== MATERIAL PROVIDED
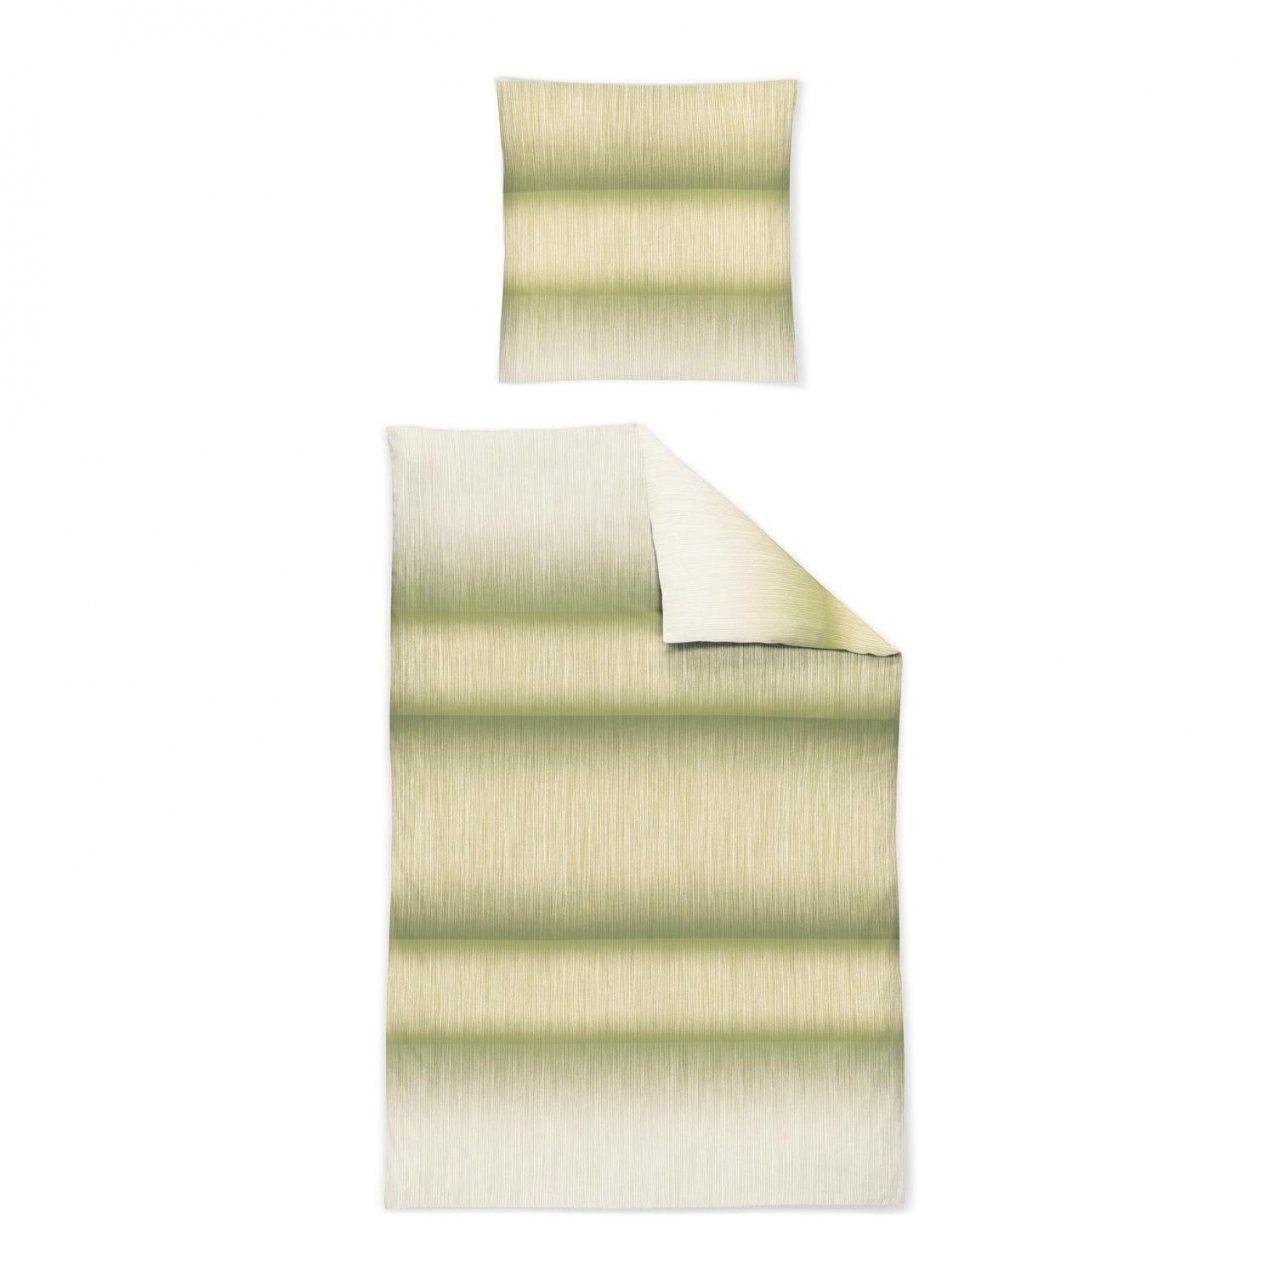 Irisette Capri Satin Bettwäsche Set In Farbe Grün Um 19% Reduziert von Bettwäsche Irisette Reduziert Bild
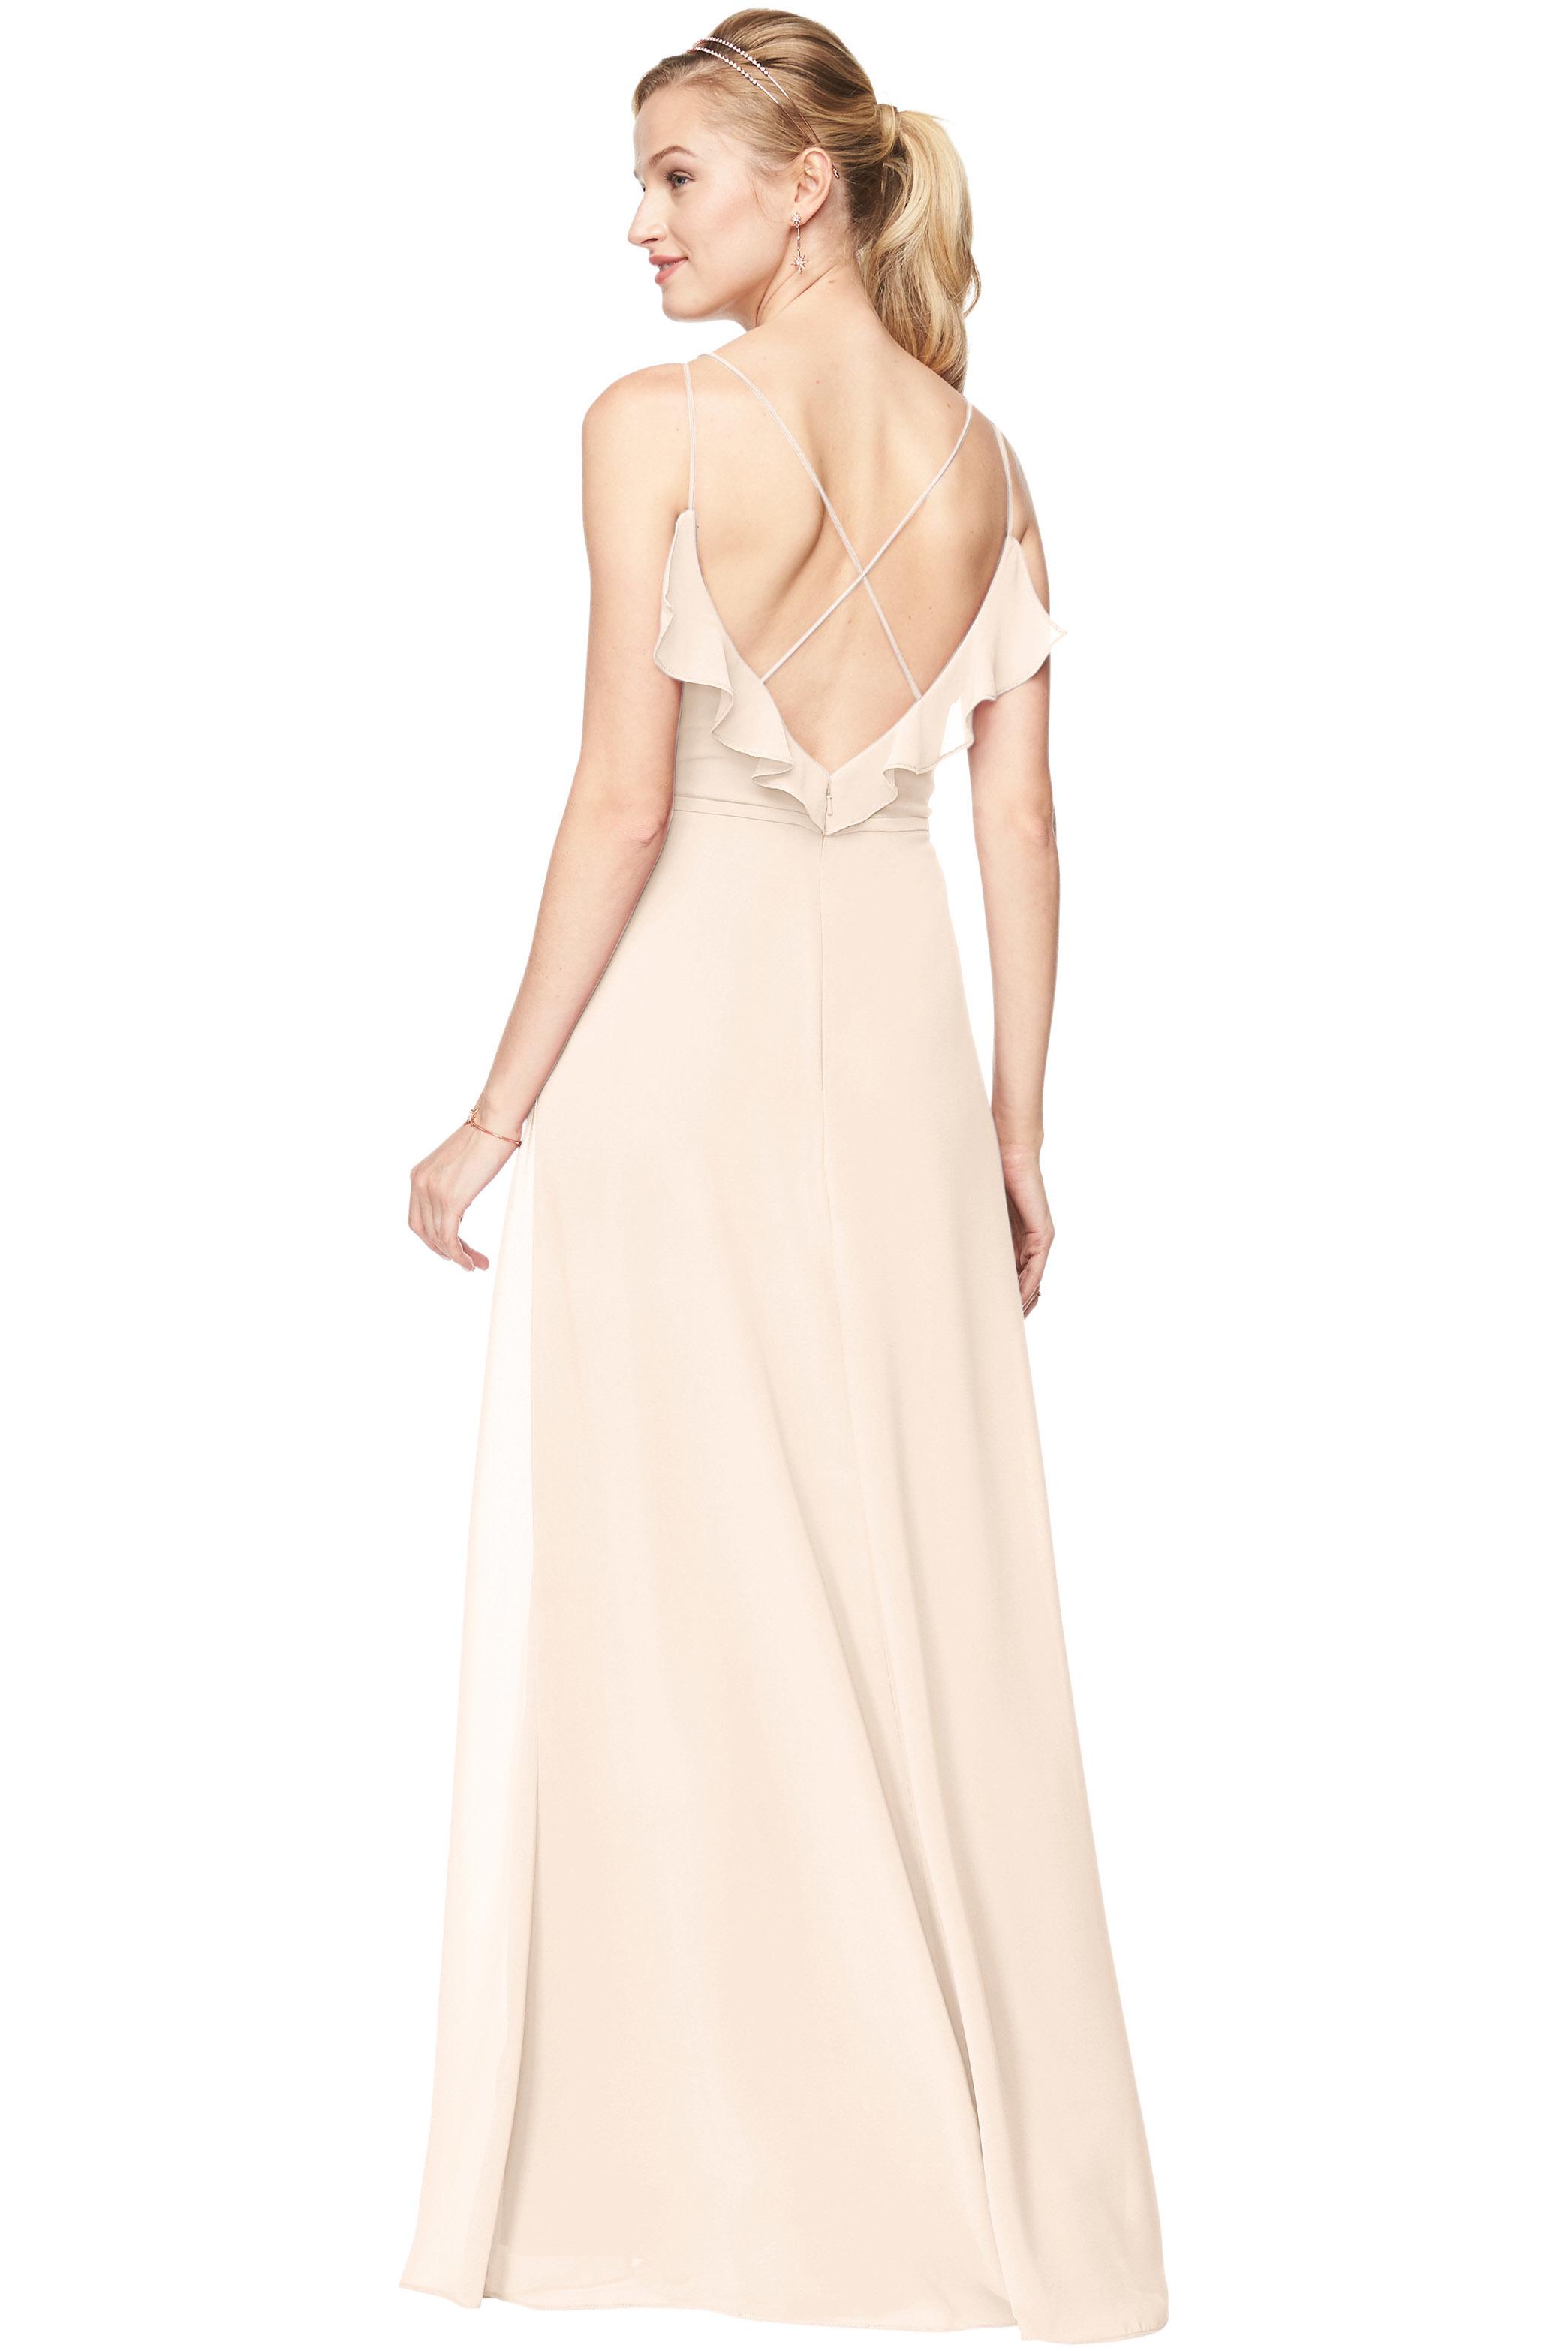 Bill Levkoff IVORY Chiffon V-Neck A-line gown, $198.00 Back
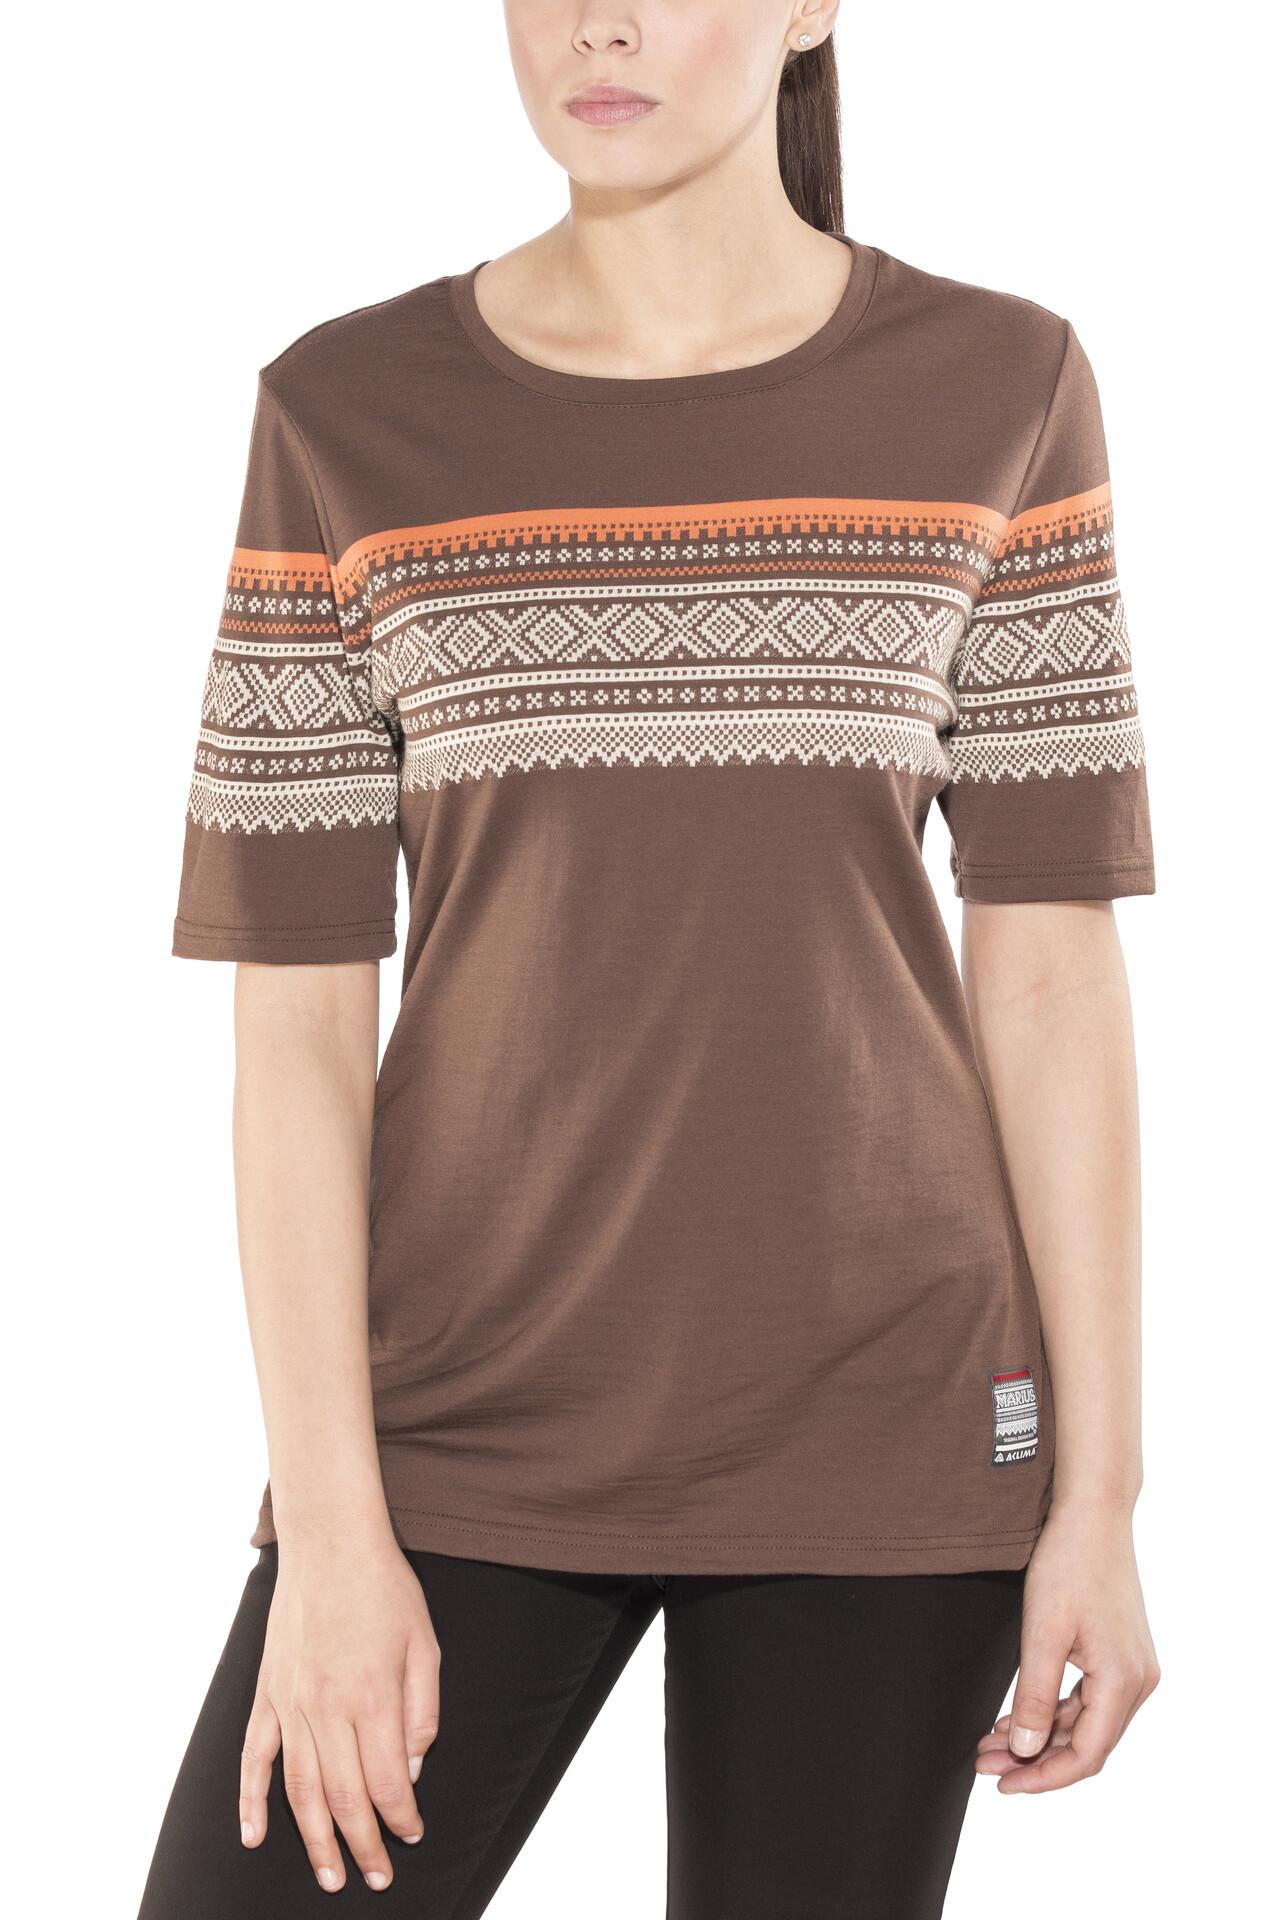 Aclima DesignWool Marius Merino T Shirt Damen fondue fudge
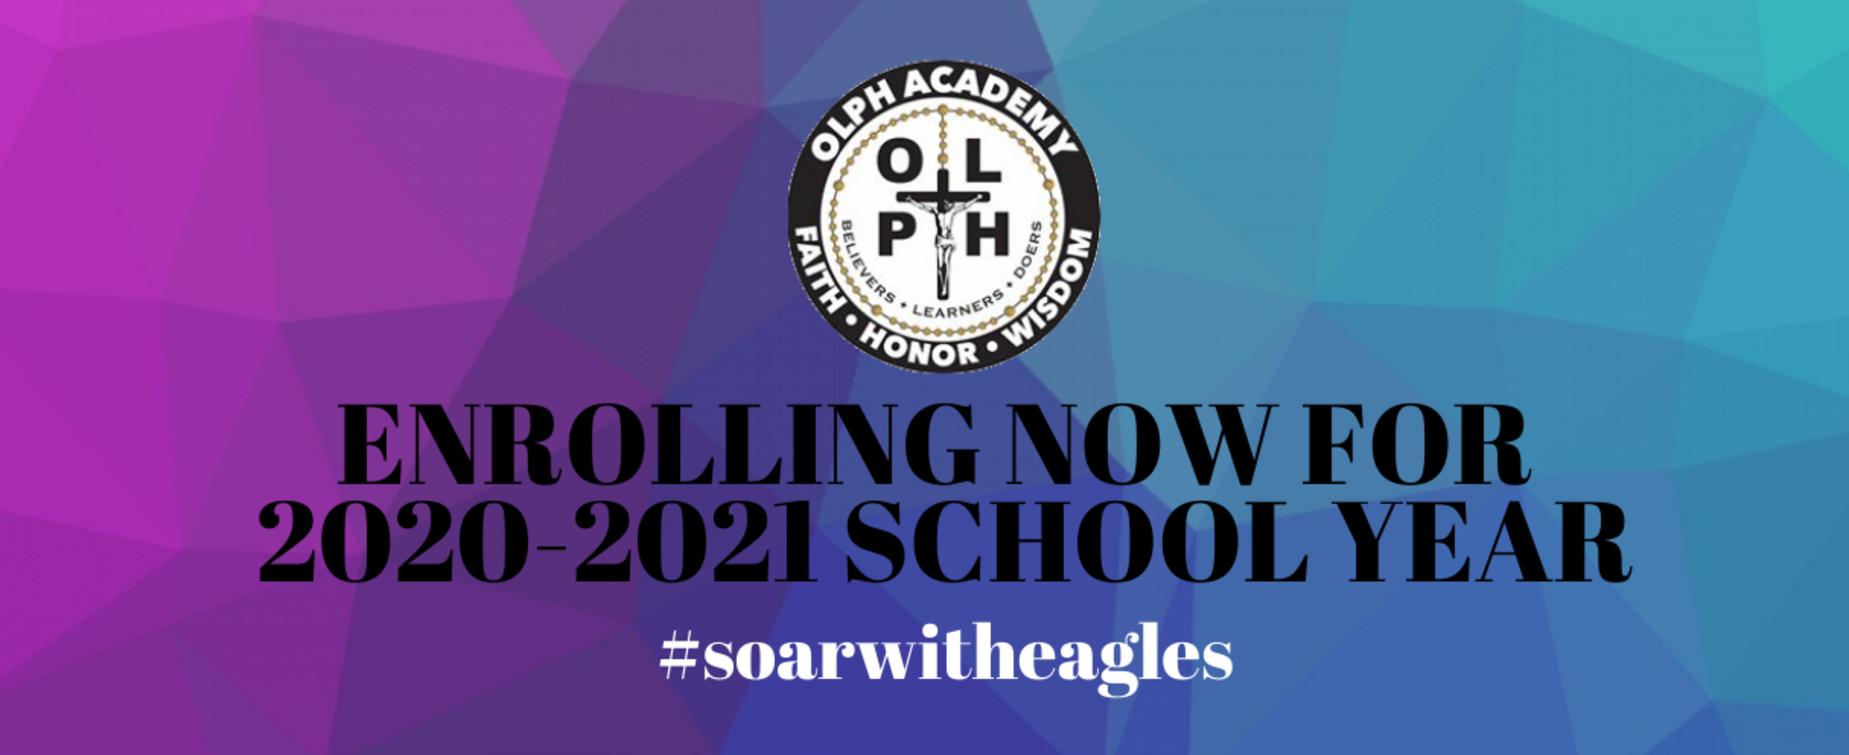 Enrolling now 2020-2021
====
● **WHAT IS NEEDED**
From the first line to the last, return the material above exactly, apart from the pictures.

● **RESPONSE BOX**
 Irisette Capri Satin Bettwäsche Set In Farbe Grün Um 19% Reduziert von Bettwäsche Irisette Reduziert Bild
 Bill Levkoff IVORY Chiffon V-Neck A-line gown, $198.00 Back
 Aclima DesignWool Marius Merino T Shirt Damen fondue fudge
 Enrolling now 2020-2021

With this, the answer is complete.